Preservation of Municipal Utility PILOTs
Whereas, state lawallows municipalities to receive payment in lieu of taxes (PILOTs) from municipal water and electric utilities, and PILOTs to municipalities have been authorized since at least 1918; and
Whereas, Public Service Commission (PSC) regulations establish a formula for determining the maximum allowable PILOT for any municipal utility, which is the municipal and school tax rates applied to the gross book value of the plant plus materials and supplies; and
Whereas, under current law the governing body of a municipality owning a public utility has the discretion to determine the appropriate level of PILOTs; and
Whereas, 511 municipal water utilities made PILOT payments totaling $92.9 million in 2011 and 82 municipal electric utilities made PILOT payments totaling $19.3 million in 2011; and
Whereas, on January 25, 2012, the PSC opened an investigation into PILOTs paid by municipal electric and water utilities, and on September 28, 2012 the PSC staff released a draft report concluding that:
- PILOT payments can be a significant component of municipal water utilities’ revenue requirements, averaging 14.9 percent.
- The current method for calculating water utility PILOTs may be a disincentive to replacing aging utility infrastructure and making improvements necessary to ensure adequate service.
- PILOTs for most municipal water systems exceed the amount that they would otherwise pay as a gross receipts tax if they were private for profit utilities.
- PILOTs provide historically stable and essential revenue that is used to improve police, fire and other critical public services; lower property tax rates; and pursue other policy goals.
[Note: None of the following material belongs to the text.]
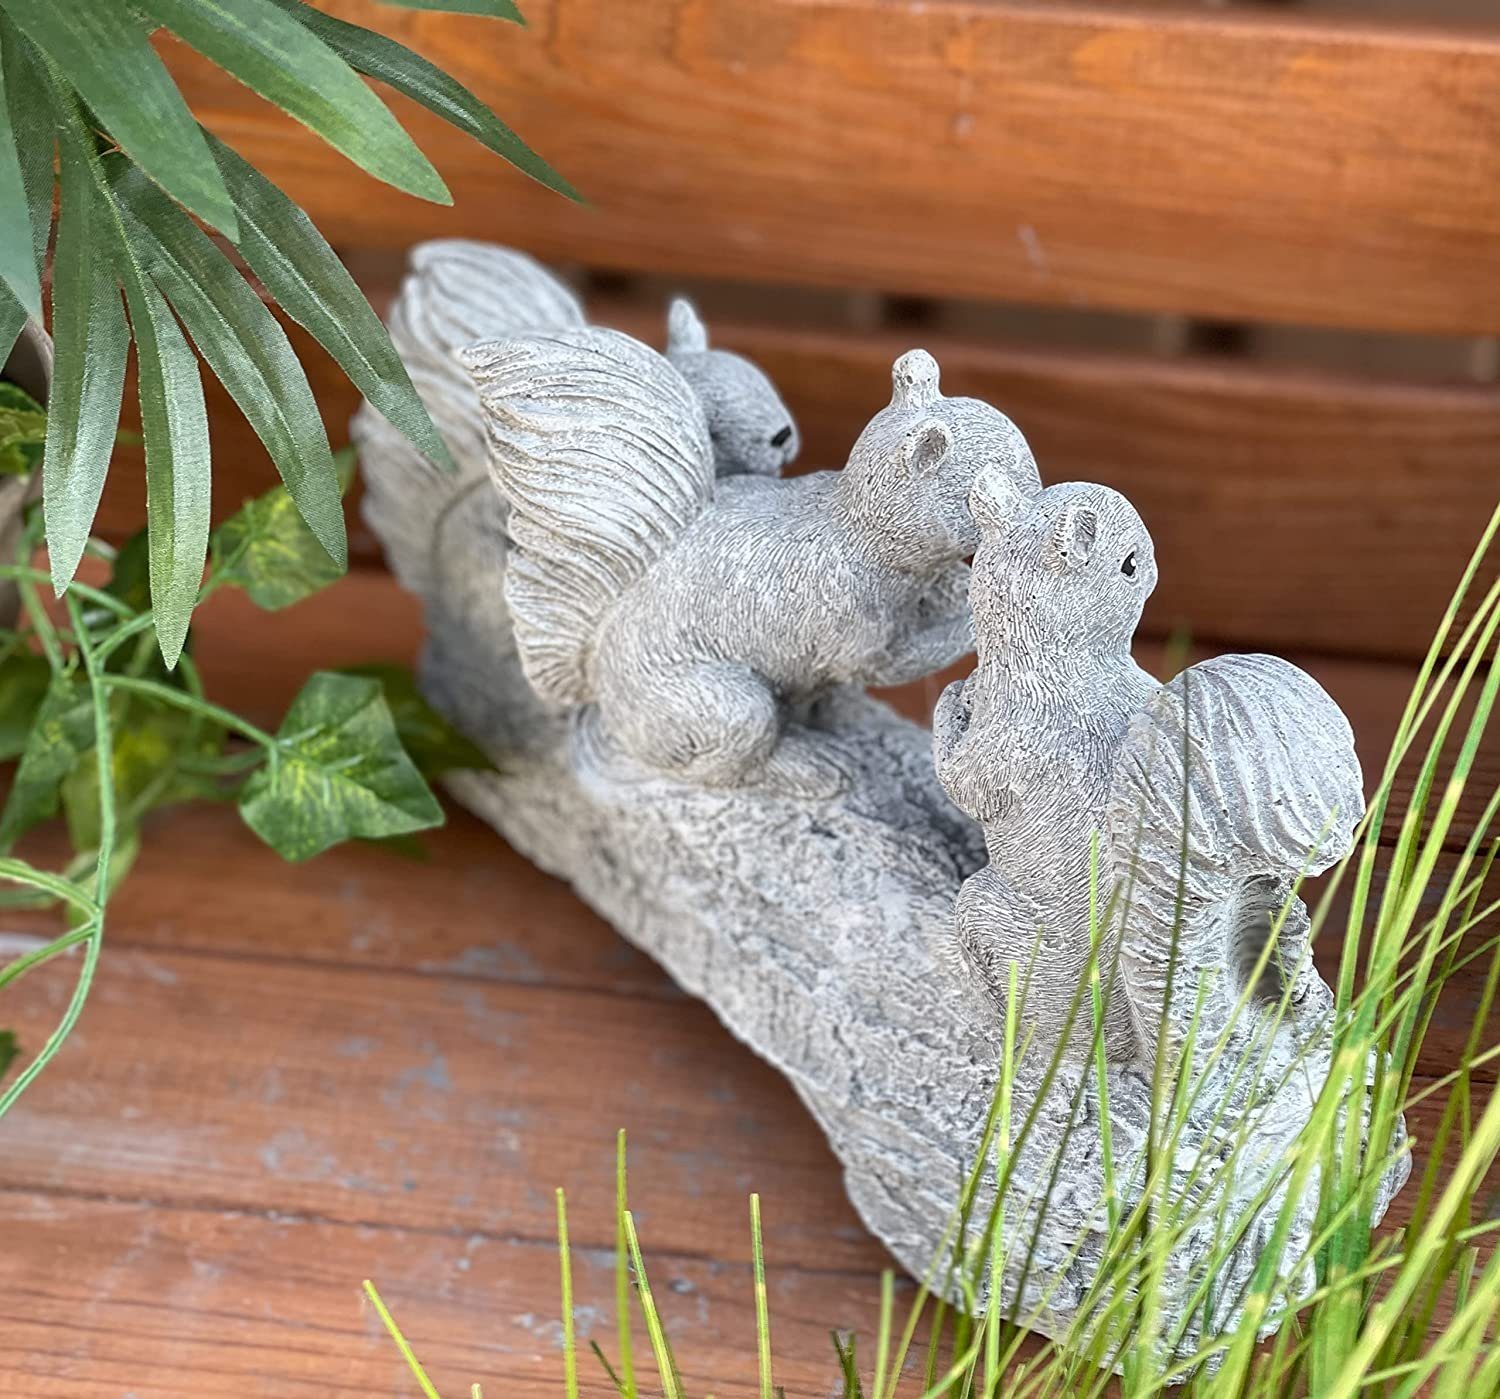 Stone and Steinfigur Style Stamm auf Gartenfigur 3 Eichhörnchen

- PILOTs are a way for tax exempt entities to financially contribute towards the cost of municipal services and reduce somewhat the burden on property tax payers.
- Financial risk is deserving of financial reward. Municipalities, as the owners of utilities, should receive a dividend in return for the considerable investment they make and risk they incur in establishing utilities.
- Municipal utility facilities directly benefit from public services provided by municipalities, such as police, fire, and snow plowing.
- Municipal utility facilities are located on land within the municipality that could otherwise be privately developed and the owners paying property taxes.
Now, Therefore, Be It Resolved, that the League of Wisconsin Municipalities in conference assembled on October 18, 2012, opposes any efforts by the PSC, the state Legislature, and the Governor to eliminate or limit PILOTs from municipal water and electric utilities.